I got through college by taking all the hard, crummy math and science courses first and talking my way out of being arrested for illegal alcohol possession on the eve of freshman finals.

I got through grad school by realizing that 9/10's of your required credits no more equal an "effective master's" than 9/10's of a woman's phone number equal an "effective date."

Then I bought a business and ran it as a capstone, just to make sure I hadn't been sold a load of useless academic theory.

But I have, in the last ten to fifteen years, had the scholar's nightmare many times over.  Fresh out of college, the dream was being back in high school.  Lately, its being back in college.  Last night, I was back in high school English, facing down a final exam given by my favorite teacher of that era.

I should have been ecstatic.  Because he was my favorite teacher, I always did well in his classes.  Work was always done with thought and done on time.  But because this was the nightmare, it wasn't done at all last night.  And I knew what I was in for.  Favorite teacher was such because he always twisted the lessons at the last moment to kick you off the track of rote recital.  He was an academic O. Henry who would lead you to a point and then throw you off a cliff of presumption.  Not having studied, I was screwed.

Here was the essence of the exam:

Observe three characters at a golf driving range.  They'll talk, hit balls, go for snacks.  At your desk you'll find three pieces of paper; a statement of the problem and two questions.

I'm fucked.

So I watch the characters and then in classical nightmare fashion, I go back to my desk except I can't find my desk so I sit down at any desk.  The problem there is that each student has a DIFFERENT two questions.

The statement of the problem is the same:  Is John a threat or not?  The questions range for "compare and contrast" to "expand versus silo" and let's fill in the blank, nobody knows which one of the three characters is John.

But I can make this up as I go along.  The power of extemporaneous prose is always the weapon of last resort I've wielded to snatch victory from the jaws of defeat.  Just ask the cop who got a free case of beer one night many years ago.

So I grab a pen and begin to write.  That's when the nightmare takes over as the pen is out of ink, or won't write on soapy linoleum, or glass, or ice, or whatever else shows up.
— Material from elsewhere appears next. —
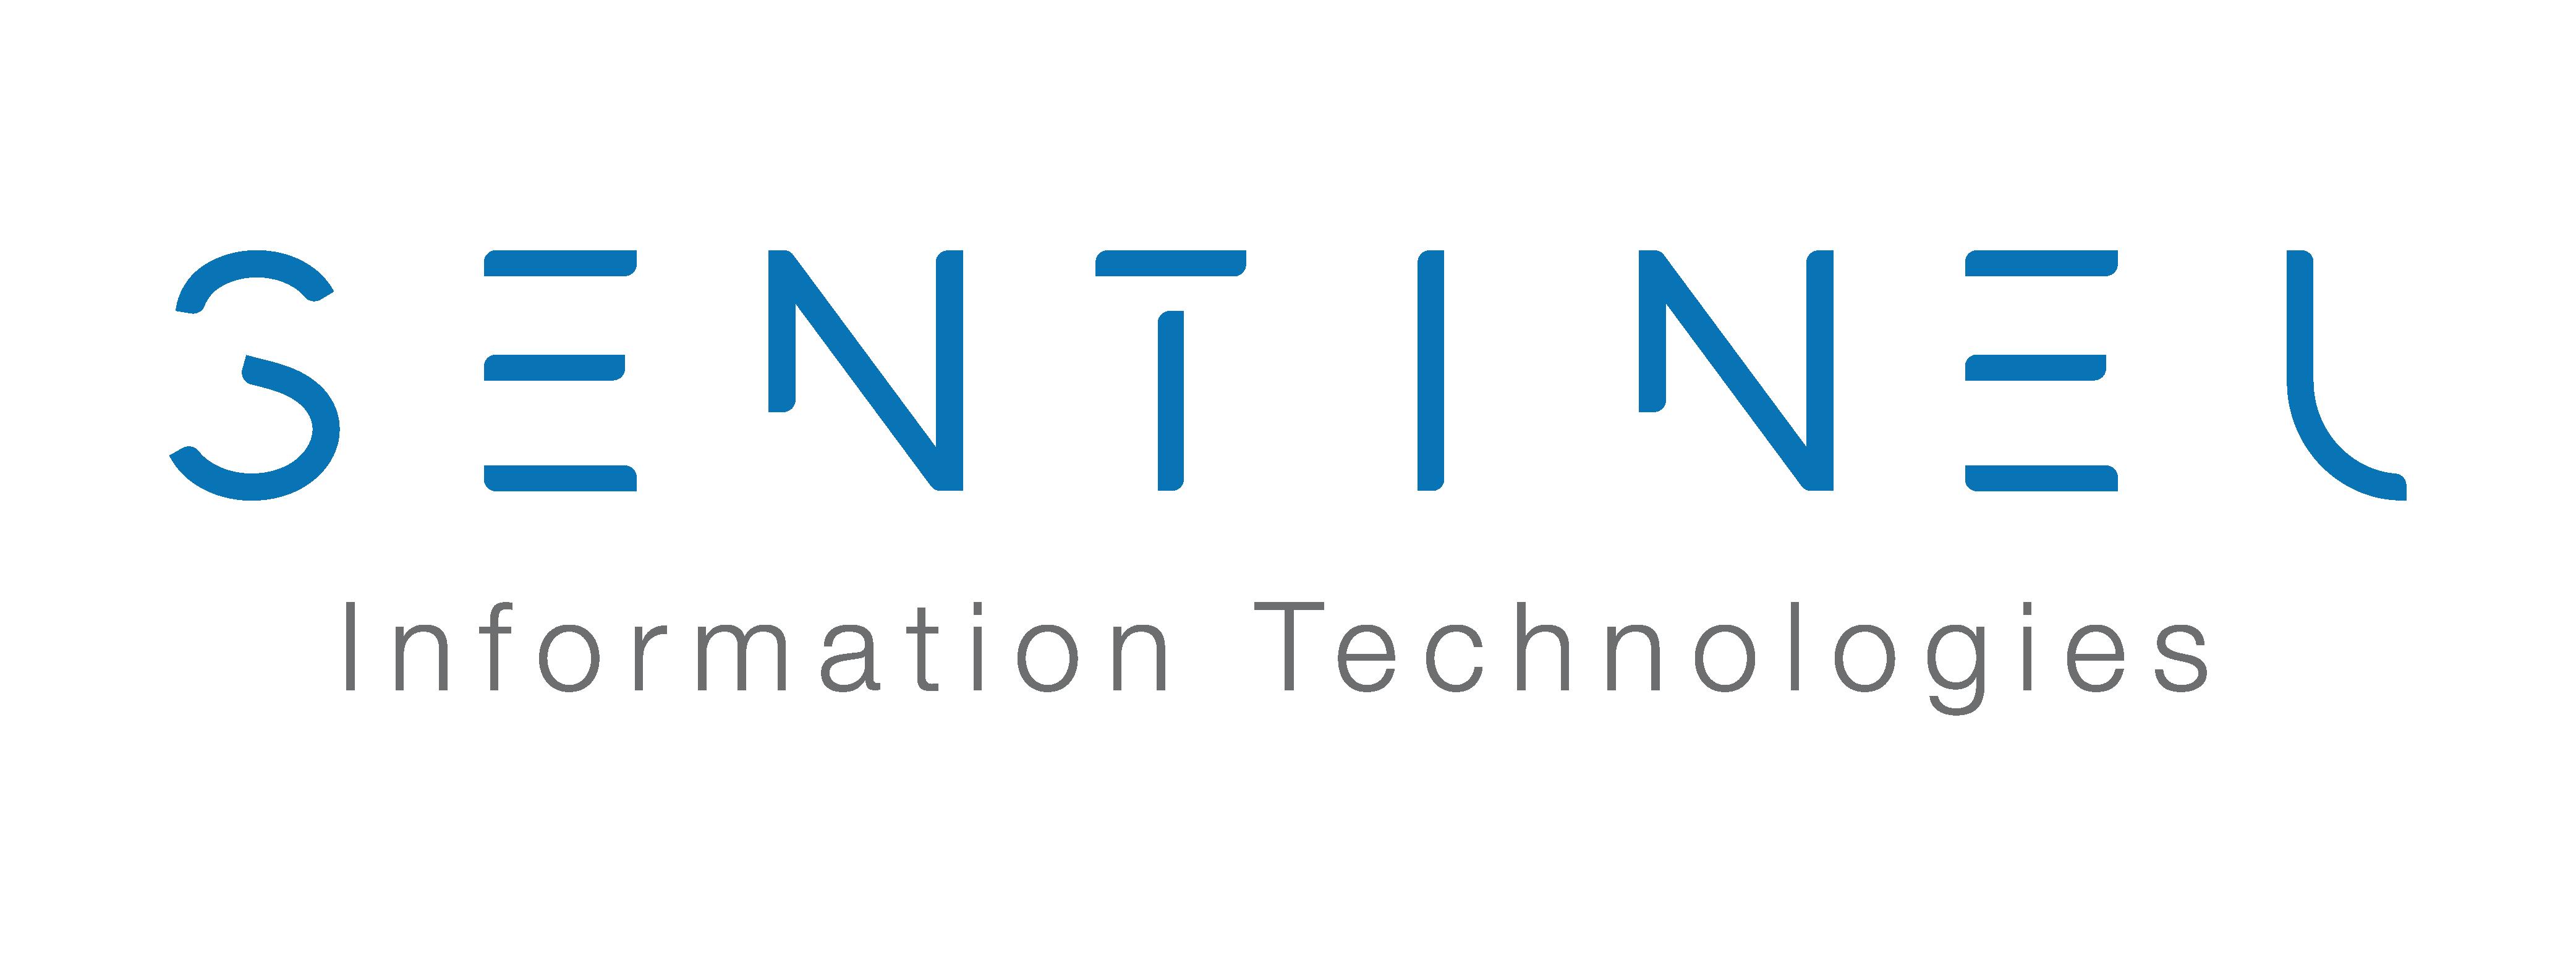 Sentinel IT

I'm panicked.  I'll never get out of this class and I still don't know who John is so I pick a single character and start to "compare and contrast" which is an old professor's trick of "get your students to simulate schitzophrenia by arguing with themselves."

And then I get it.  Favorite teacher has left a way out:  John isn't the same person.  So I can eloqently argue that John is both a threat and not because John is the name of two of the three players.

I'm done and out of here.

And then, naturally, the alarm goes off.  And I stare at the ceiling for a half hour, playing this over and over.

Normally, I don't tell anyone my dreams.  They're mine.  And they're boring.  As a comedian says;  "If dreams were interesting and meant to be shared, they'd project out your eyes onto the wall."

However, this one is not so much the dream as it is the lesson Mr. Hooper laid down over thirty years ago.  Look at things in a slightly different light, or from a new angle and see what you can figure out from there.  In other words, consider the possible, the impossible, and the otherly possible.  You might be surprised.

Bunny on.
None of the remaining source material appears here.